Specifically, the hand labeling information may include labeling information of a gesture.

Specifically, the first convolutional neural network may include: the image processing device comprises a first input layer, a first feature extraction layer and a first classification output layer, wherein the first classification output layer is used for predicting whether a plurality of candidate regions of the sample image are human hand candidate regions.

Specifically, the second convolutional neural network may include: the second input layer, the second feature extraction layer and the second classification output layer are used for outputting the gesture detection result of the sample image.

Specifically, the gesture detection result may further include: a non-predetermined gesture type.

Specifically, the first convolutional neural network may be an RPN, and/or the second convolutional neural network may be an FRCNN.

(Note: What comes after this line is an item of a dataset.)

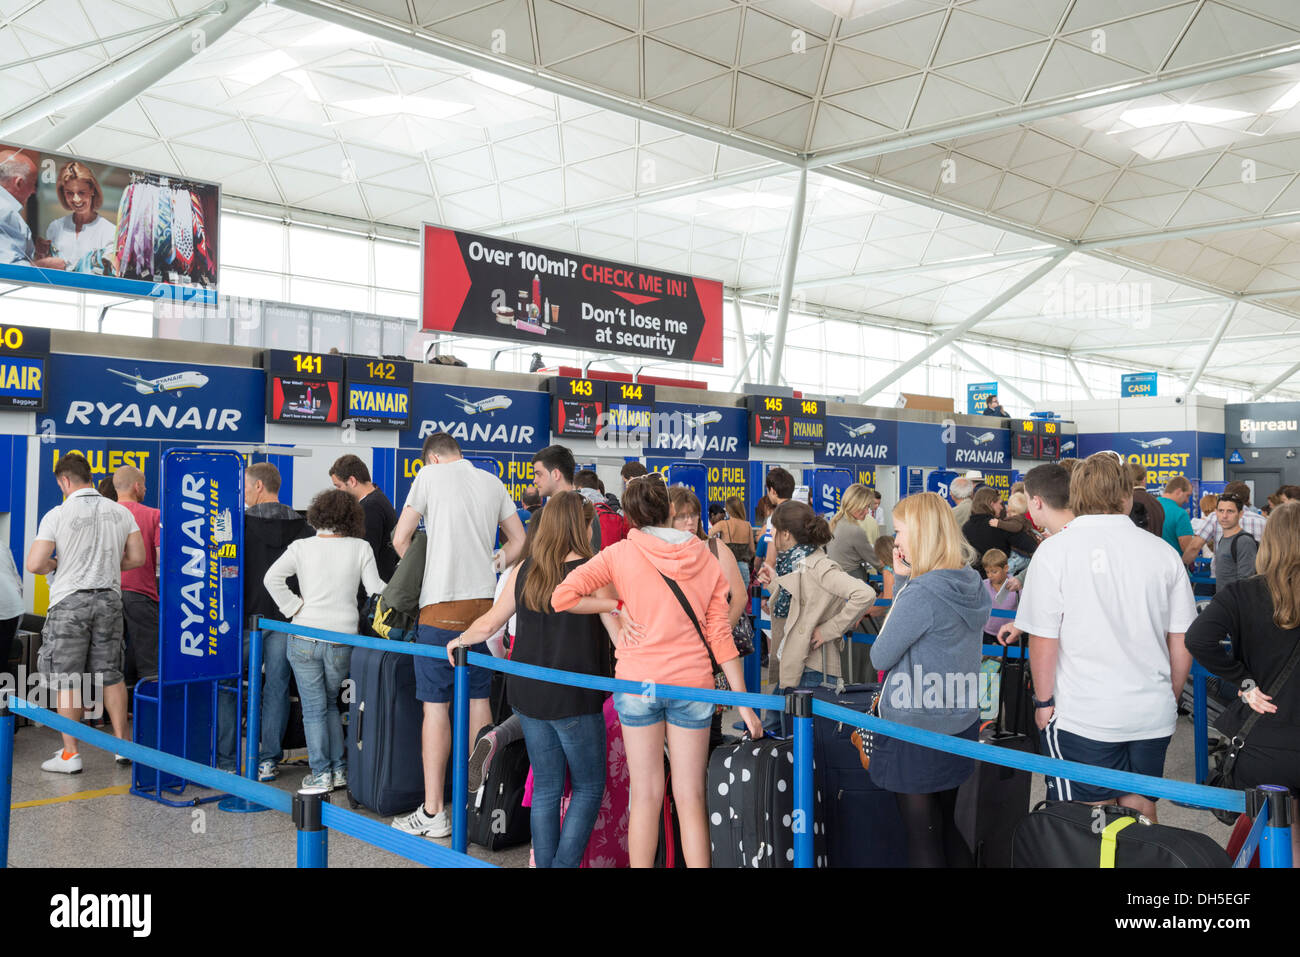 Ryanair check in Banque de photographies et d'images à haute résolution -  Alamy

In a specific implementation manner of the present application, referring to fig. 8, a schematic structural diagram of another gesture detection network training apparatus is provided, and compared with the foregoing embodiment, in this embodiment, the second training module 703 includes:

a correction submodule 703A for correcting the prediction information of the hand candidate region;

the training sub-module 703B is configured to train the second convolutional neural network parameters according to the corrected prediction information of the human hand candidate region and the sample image, and keep the second feature extraction layer parameters unchanged in the training process.

Specifically, the modification sub-module 703A is specifically configured to input the multiple supplementary negative sample images and the prediction information of the human hand candidate region into a third convolutional neural network for classification, so as to filter the negative samples in the human hand candidate region, and obtain the modified prediction information of the human hand candidate region.

Specifically, the difference between the number of human hand candidate regions in the prediction information of the human hand candidate region and the number of the supplementary negative sample images falls within a predetermined allowable range.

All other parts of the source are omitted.